While not essential, experts recommend that you have comfort and stress-relieving foods on hand when you weather the storm.
Keep at least a three-day supply of water for each person in your household and for each pet, the CDC recommends. FEMA recommends storing at least one gallon of water for each person in your household each day.
Unopened commercial bottled water is the safest and most reliable water supply, according to the agency. If it’s store-bought water, be sure to check the expiration date.
Plastic bags and containers
Also, be sure to have plastic bags on hand, as you can wrap perishable foods — like cookies — in them and place them in sealed containers, according to FEMA.
Cardboard disposable plates, cups and utensils
If you lack electricity and water, having paper plates and utensils can help you prepare and eat your meals safely, according to the CDC.
Think babies – and pets
When preparing, do not forget babies and pets in the house.
Make sure you have enough infant formula, as well as anything an infant might need, like diapers, Sands said.

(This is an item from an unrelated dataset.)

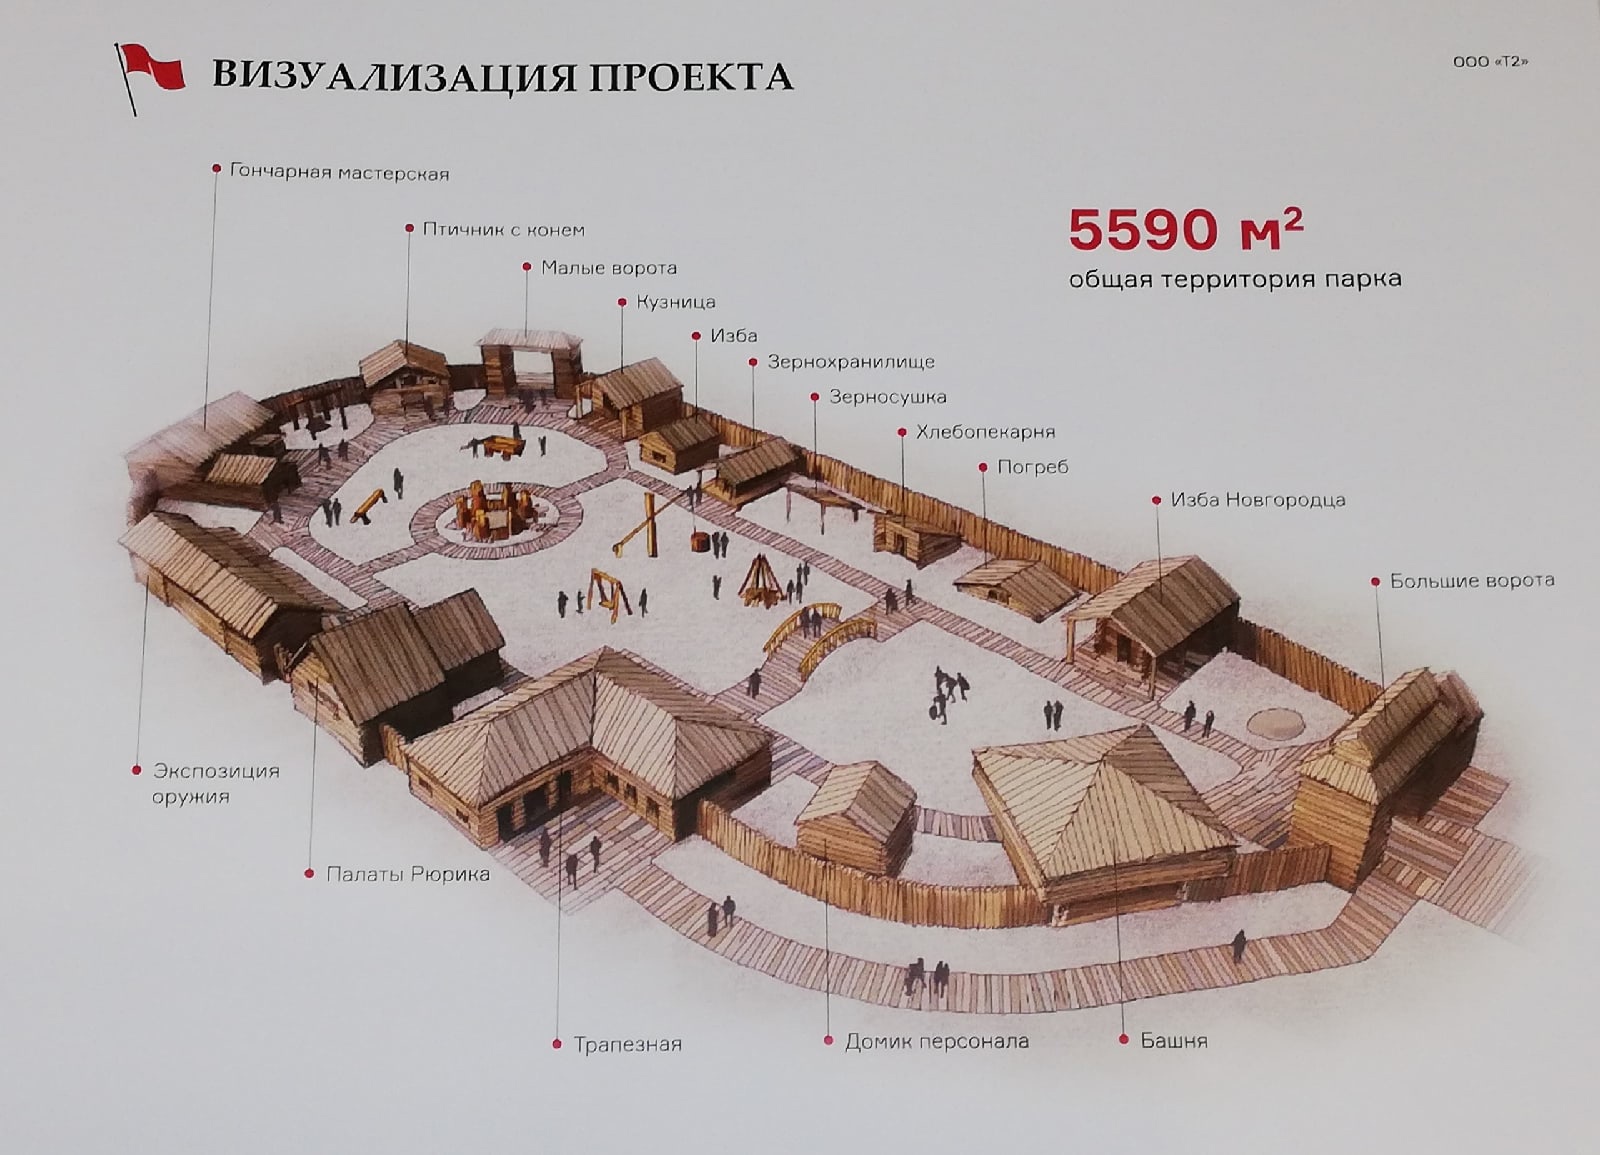 В Великом Новгороде появится исторический комплекс

Also, be sure to have several days worth of pet supplies, such as medications and non-perishable food.
(And maybe some treats, as storms can be stressful for them too.)
Check that you have the hygiene products you need, including feminine supplies, toilet paper, wet wipes, paper towels and hand sanitizer.
Have an emergency kit
It’s always good to have a disaster kit on hand that’s in a portable container near the exit from your home.
These should include: non-perishable food and a three-day supply of water, battery operated radio and flashlight, extra batteries, first aid kit with manual, hygiene items, matches in a waterproof container, a whistle to signal for help if you need it, clothes, blankets and sleeping bags, ID cards, credit cards and money, paper and a pencil, items to cover baby and pet needs and any special items like medicine, contact lenses, glasses, hearing aids and activities for younger children.
Due to the ongoing Covid-19 pandemic, you must also include items such as face masks.
Know this about items in the fridge:
It’s important not to panic, shop and try to fill your fridge, Sands said.
“How are you going to be able to store this food if you don’t have electricity? Sands said, adding that stocking up on extra groceries can not only lead to food waste, but could also hurt other people who might not be able to find what they’re looking for.
In the event of a power outage, keep the refrigerator and freezer doors closed as much as possible, to avoid letting in cold air. If left unopened, your refrigerator will be able to keep food cold for about four hours, according to Ready.gov.
Throw out any perishable food — like meat, poultry, eggs, or leftovers — that has been left at temperatures above 40 degrees Fahrenheit for more than two hours.
Fill up your gas tank
During a winter storm, you should try to minimize travel as much as possible, to avoid getting stuck on the road. Make sure if you have to go out you have a full tank of gas, Sands said.
It’s also a good idea to have an emergency kit inside each of your family’s vehicles, in case you get stuck.
Here’s what to pack in your car to stay safe.
Tips to keep in mind before the storm
- Have important documents handy in the event of an evacuation, including home or renter’s insurance, Social Security cards, birth certificates and passports, Sands said.
- Create a family communication plan for how you can get in touch if you are separated during the storm.
- Do not bring portable generators, camp stoves and grills inside your home. Keep them at least 20 feet away from your windows, doors, and air vents, to avoid carbon monoxide poisoning.
- Watch for signs of frostbite and hypothermia. Here’s what those might look like.
- Plan to watch your elderly or disabled neighbors and friends.